* _Task_:
An exact reproduction of all the data is needed, with no images in it.

* _Data shown_:
%%
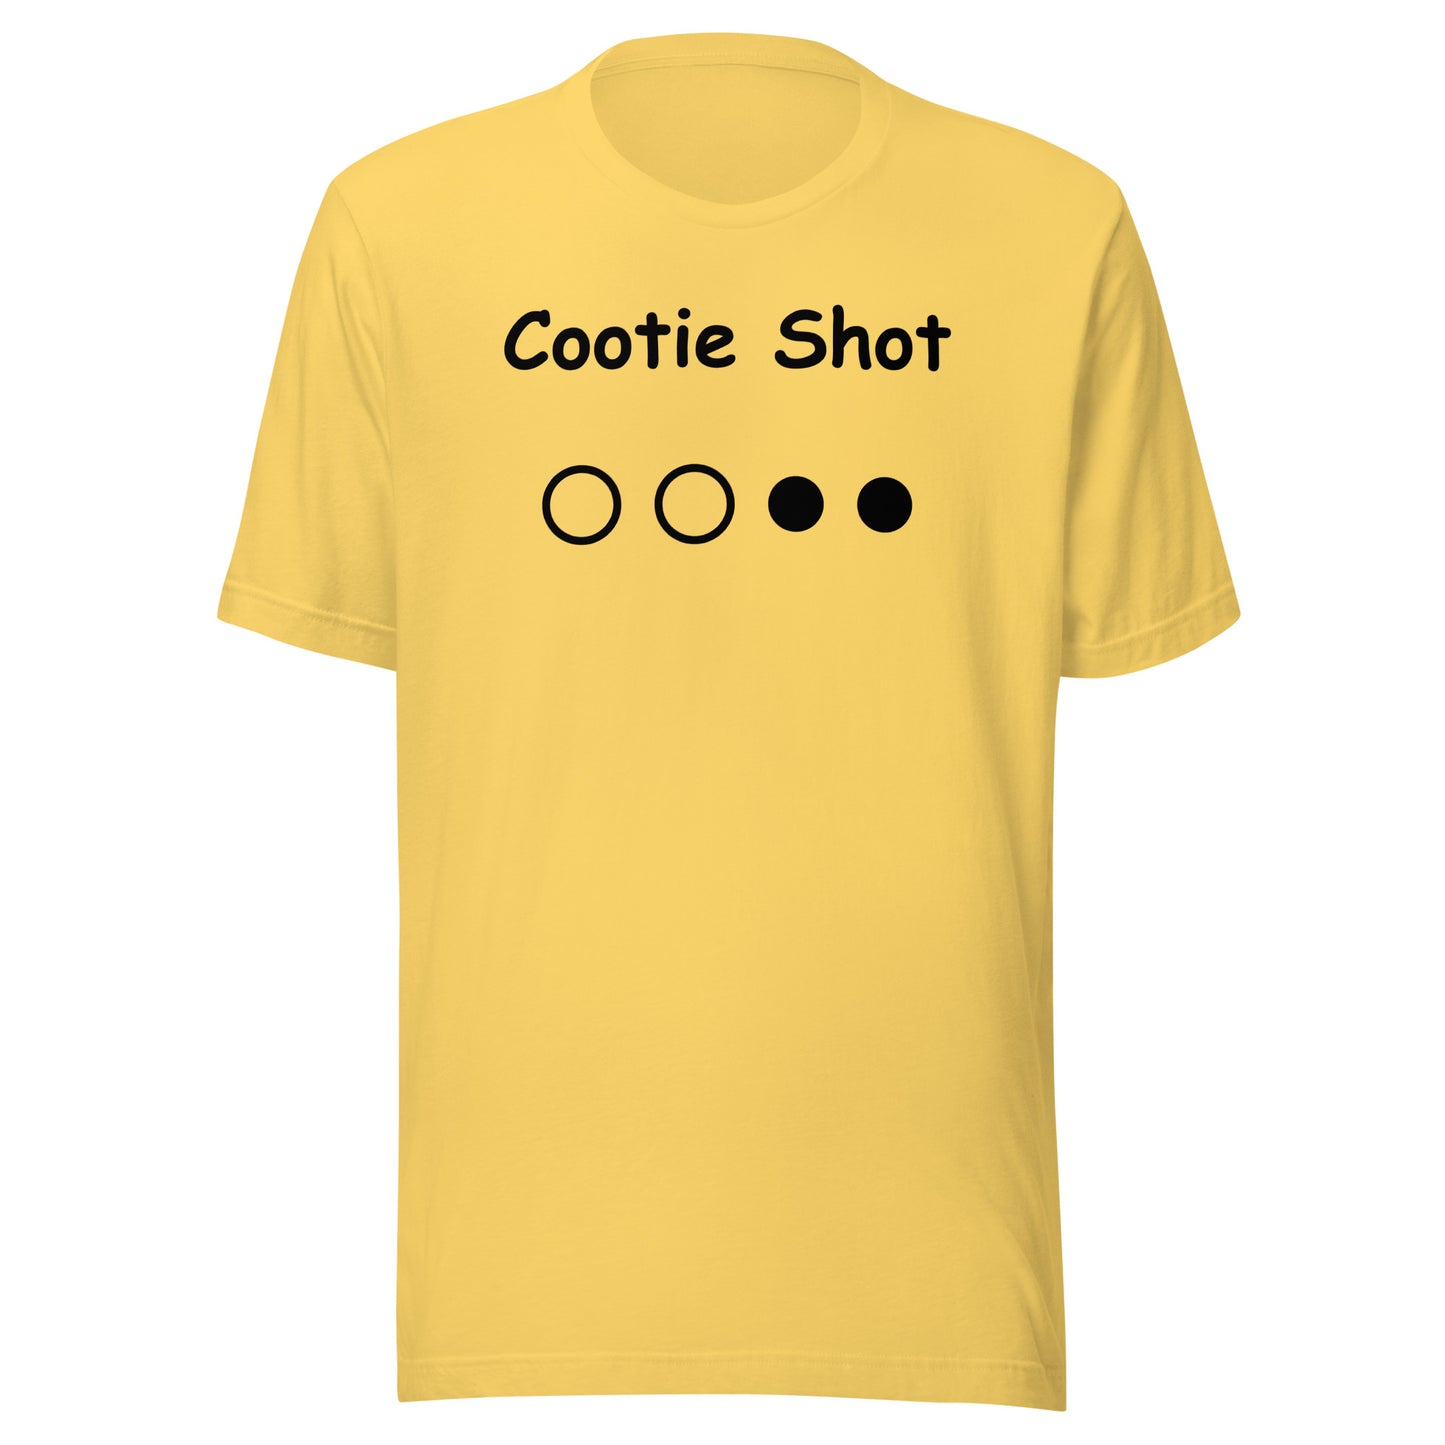 COOTIE SHOT Unisex T-Shirt
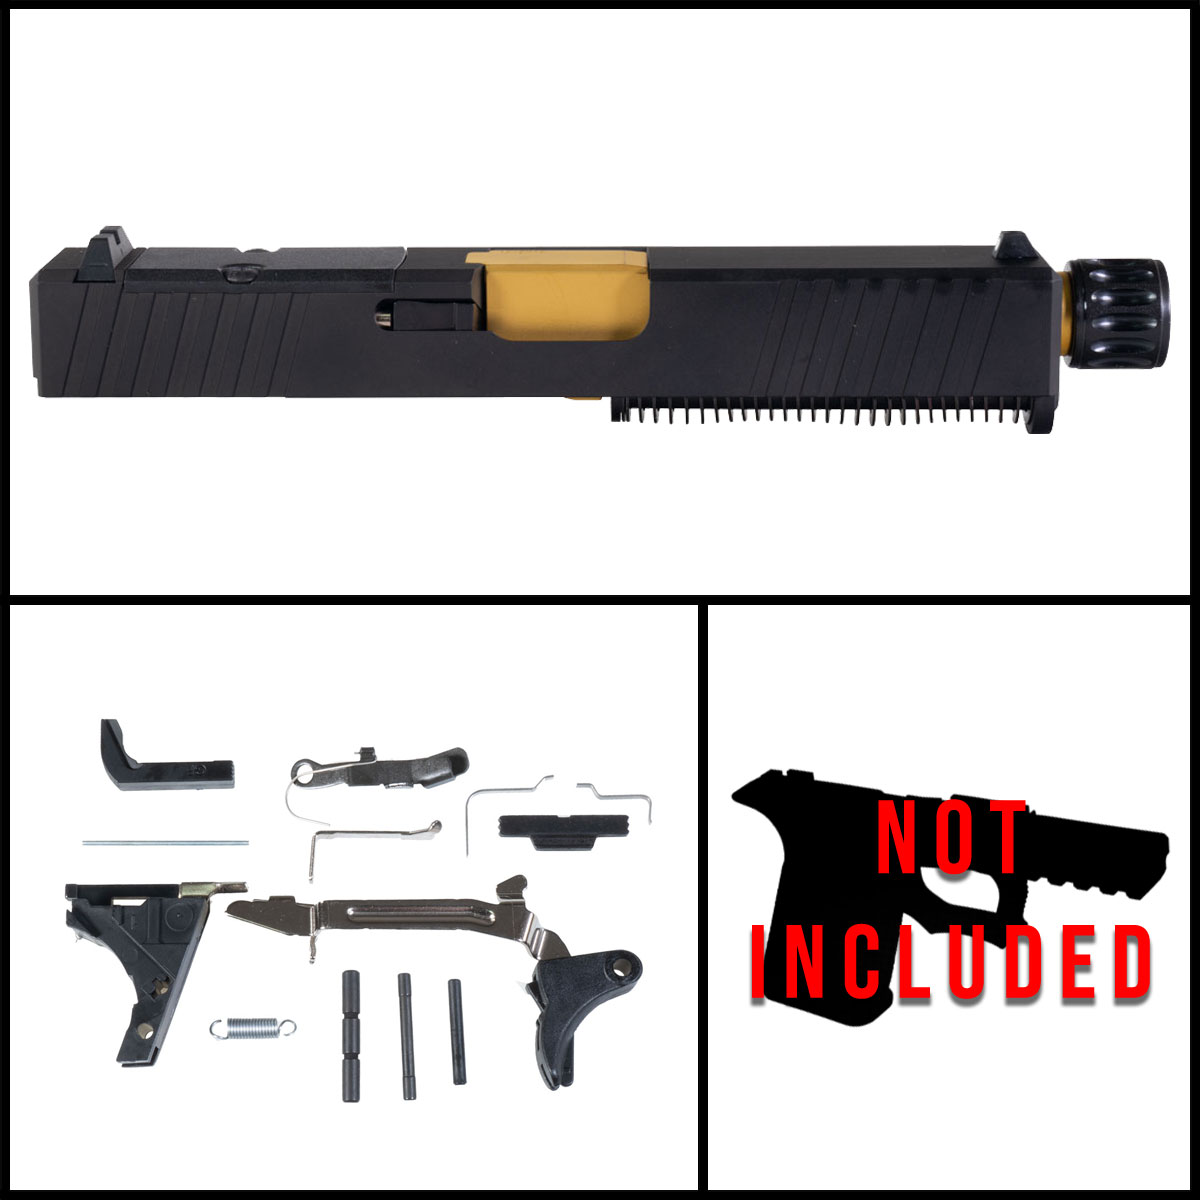 DTT 'Bloei' 9mm Full Pistol Build Kit (Everything Minus Frame) - Glock 19 Gen 1-3 Compatible
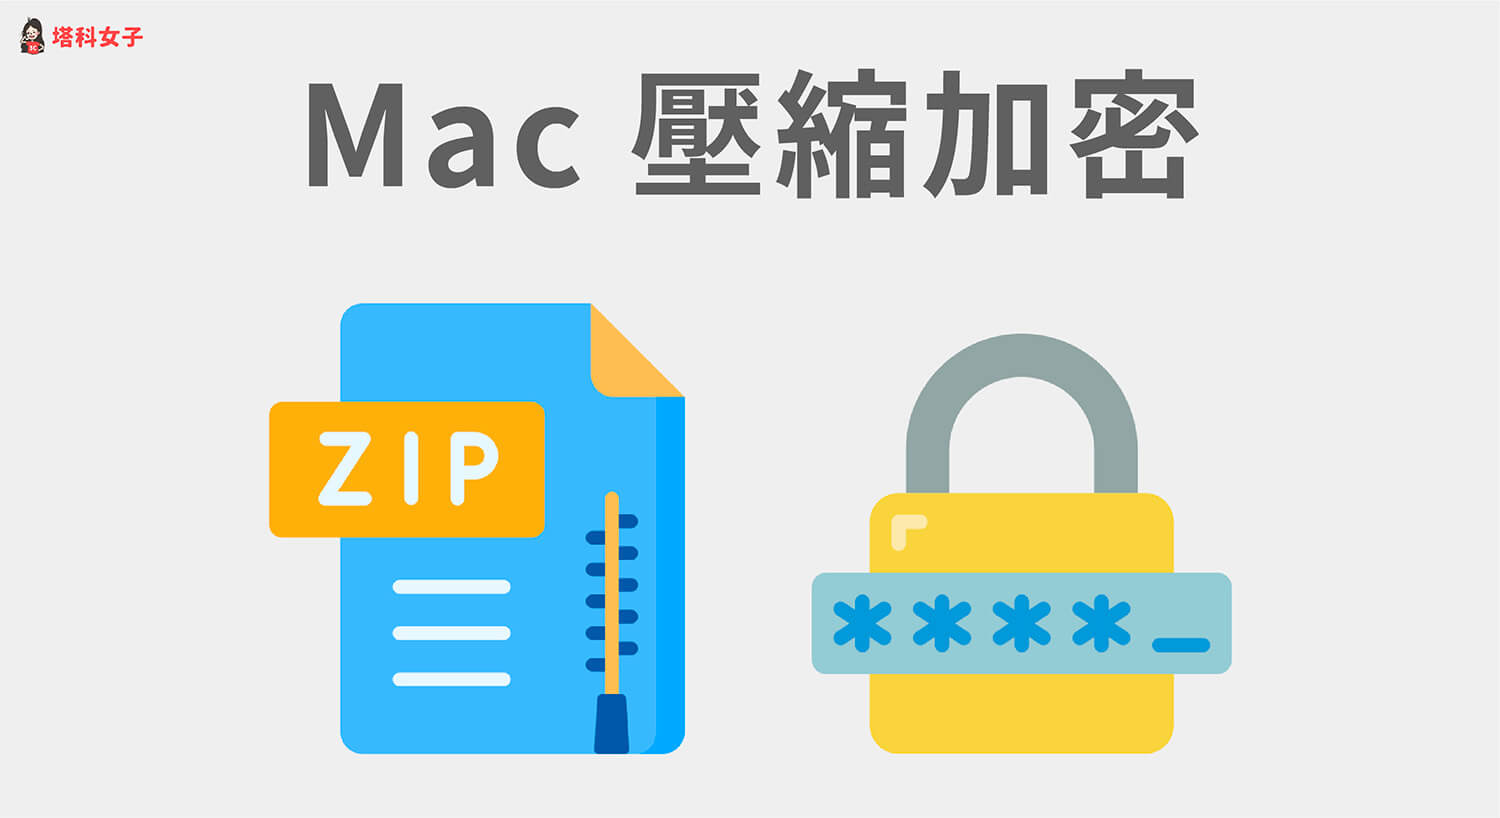 Mac 壓縮加密教學，教你 3 招為檔案壓縮並加密碼保護
%%
* _Exercise solution_:
 COOTIE SHOT Unisex T-Shirt
 DTT 'Bloei' 9mm Full Pistol Build Kit (Everything Minus Frame) - Glock 19 Gen 1-3 Compatible
 Mac 壓縮加密教學，教你 3 招為檔案壓縮並加密碼保護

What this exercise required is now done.